2020 Cup Series champ Chase Elliott said he isn’t surprised to see what van Gisbergen has already accomplished at the Cup level, and that his trajectory comes from his swift adaptability in NASCAR rather than the few similarities between the current Generation 7 Cup car and van Gisbergen’s roots in Australia’s Supercars championship.

“I know that there’s been a lot of [comparisons] to his background and the similarities of this car change that we had to that, but I’m sure it’s still different,” Elliott said. “I’m sure there’s still things that he had to rely on, his natural feel inside the car, to help tune and make it better and make it what he wanted on the road-course side. When I look at how his oval stuff has improved, I’m not surprised. I think he’s really knowledgeable. I think he’s got a great feel for just natural balance behind the wheel, which I think is a really big deal.”

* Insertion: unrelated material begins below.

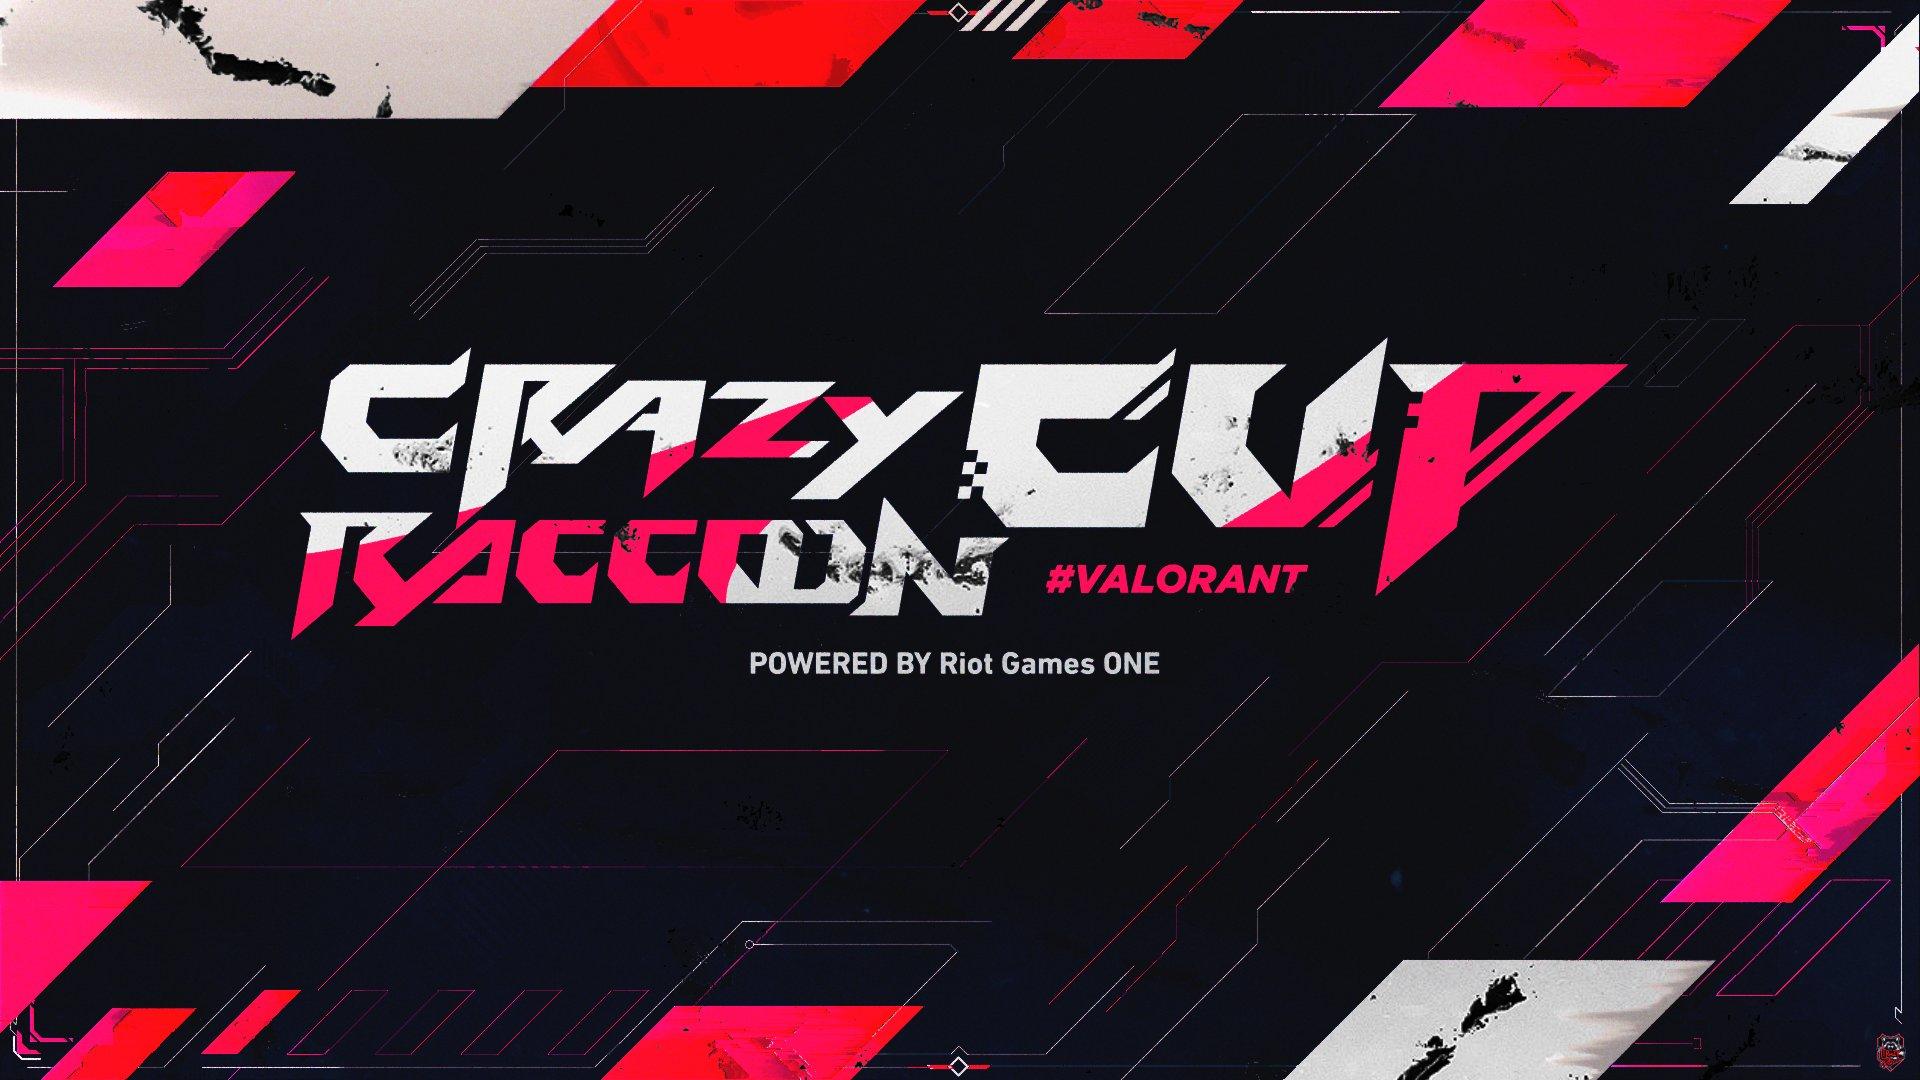 第4回 Crazy Raccoon Cup VALORANT powered by Riot Games ONEの見出し画像

Christopher Bell, who won the pole for Sunday’s Pennzoil 400 presented by Jiffy Lube (4 p.m. ET, FS1, HBO Max, PRN Radio, SiriusXM NASCAR Radio), was more blunt on van Gisbergen and explained why the cream of the crop will continue to maintain the upper hand on the rising star.

“Fortunately for his competitors and unfortunately for him, the [weekend] format handicaps him tremendously,” Bell said. “If he would have done this years ago, where we had hours of practice and multiple sets of tires for practice, I think he would have been a lot further along. But the format that we race under today, with one set of tires for a 20-minute practice session, I think has taken him a little bit longer to develop the oval stuff. But he’s clearly getting the hang of it, and it’s not going to be long before he’s a factor on an oval.”

So is an oval win on the cards for van Gisbergen soon? For now, he doesn’t believe so.

“Man, I’m a long way from that,” van Gisbergen admitted. “I need luck to get that and I don’t want to win like that. I’m learning things and feel big improvements every week still, and know what’s going on now rather than just deer in headlights, but I know I’m still probably a little bit away from a win.”